Well, it turns out that there was. The Logic of Life picks up where Freakonomics left off — that is, recent research into interest economic phenomena that does not come from the ‘lab’ of Steve Levitt. It is a series of essays around some themes including poker tournaments, divorce, workplace politics, neighbourhood effects, racism, geographic agglomeration, voting and long-term economic growth. But the research documented is hardly the dry stuff that you might normally expect. Instead, it covers the interesting — also known as ‘freaky’ — topics that have caused economics to adorn the newspapers and blogs with surprising regularity.

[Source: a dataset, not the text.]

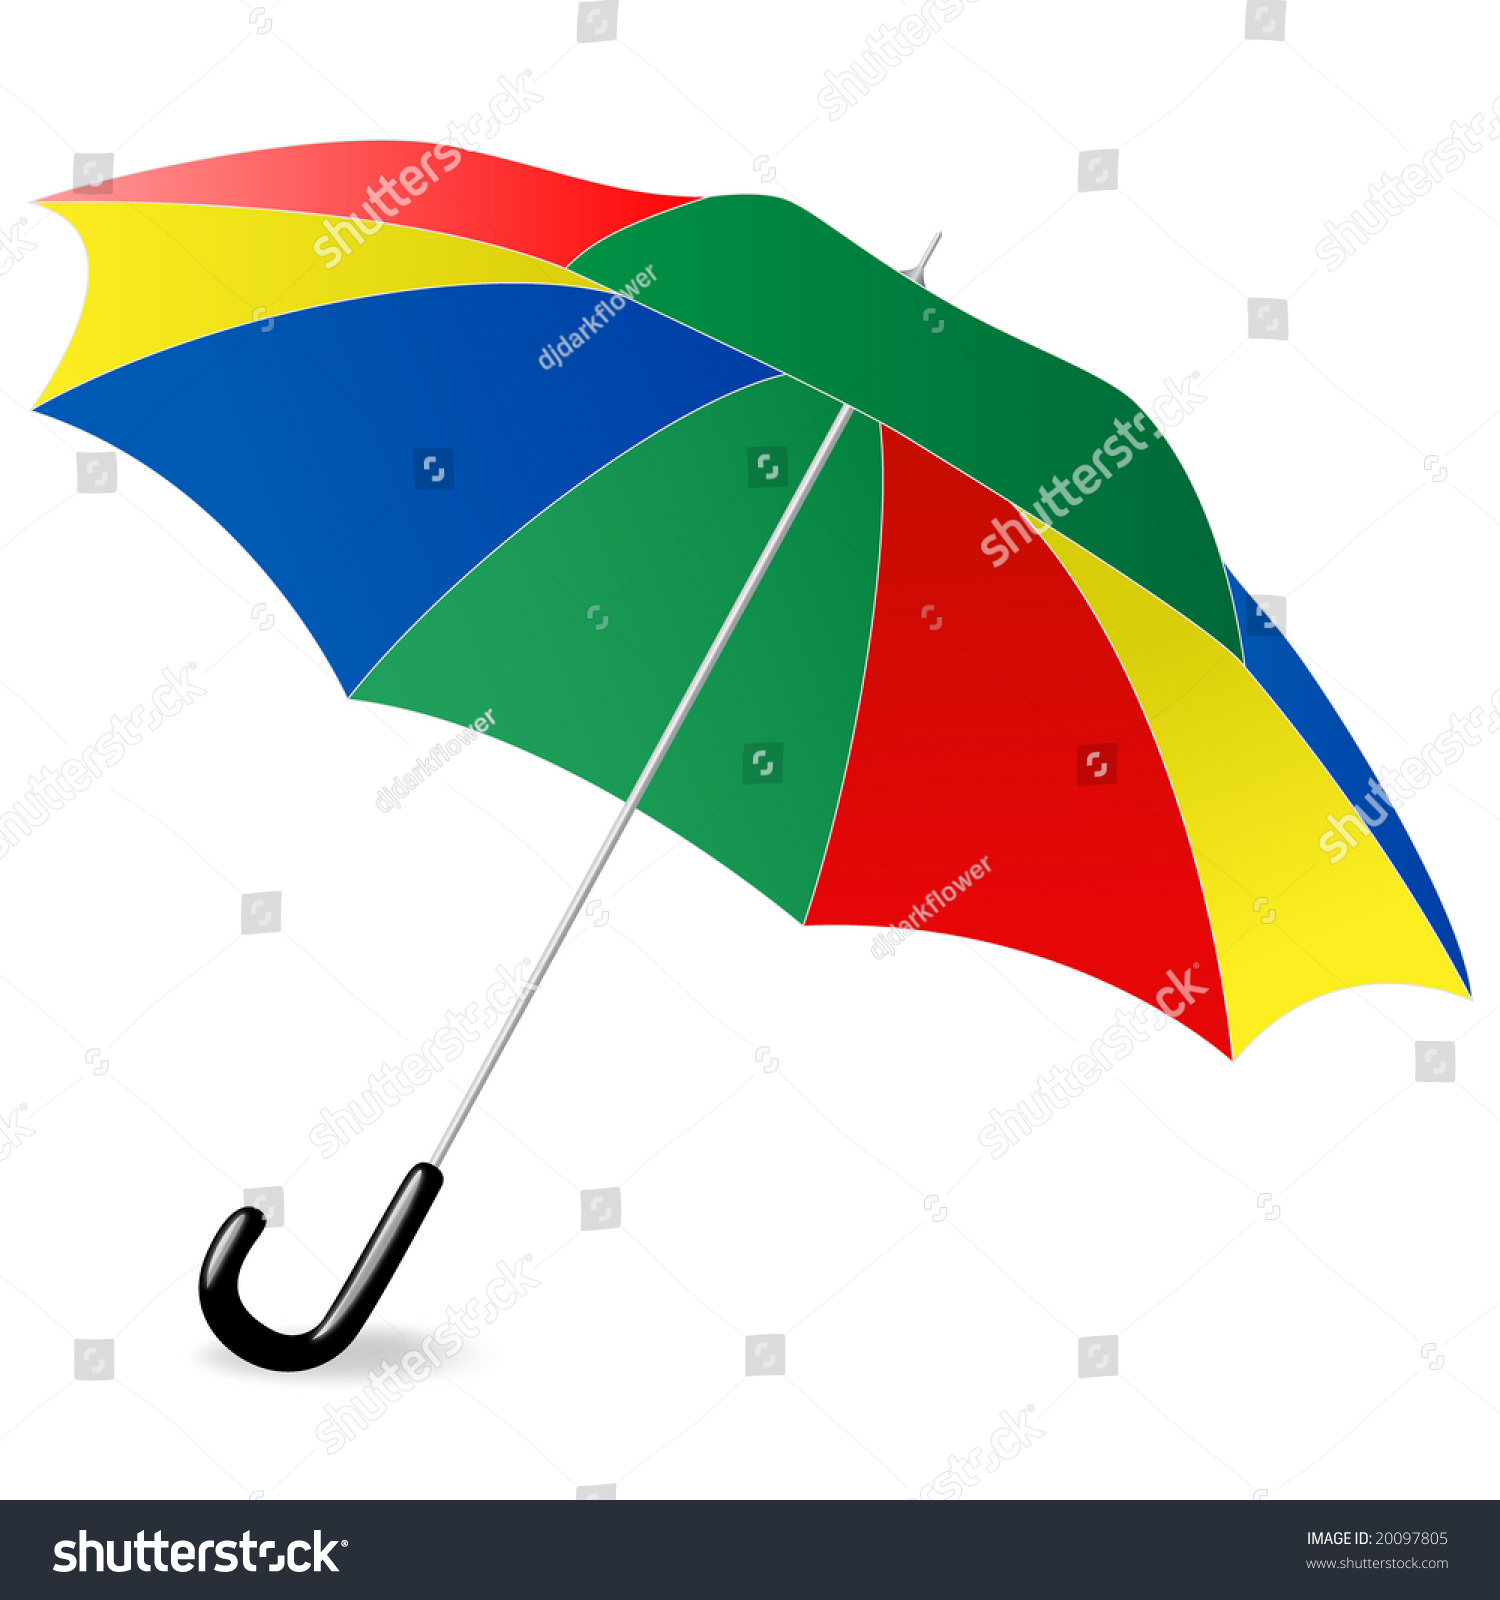 Umbrella Stock Illustration 20097805 | Shutterstock

In that respect, there is nothing new in this book. What is new is how well exposited it is. Moreover, there is nothing ecclectic about Harford’s choice of topics. It is exactly what we would students to be reading to understand the power of economics using examples of recent research. The research is given context and it is explained in a way that has the important quailty of ‘not being wrong’ and being appropriately qualified. With this book, Tim Harford has established himself as perhaps the world’s leading economic journalist. If you read one economics book this year among the stack recently produced, this would be it.

But there is another thing that comes from this book. The research documented shows an interesting trend. Chicago economists coming up with theories (in some cases decades ago) that are being tested by younger East Coast economists. What has caused this in the sociology of academic economics is an interesting question that i have no answer for.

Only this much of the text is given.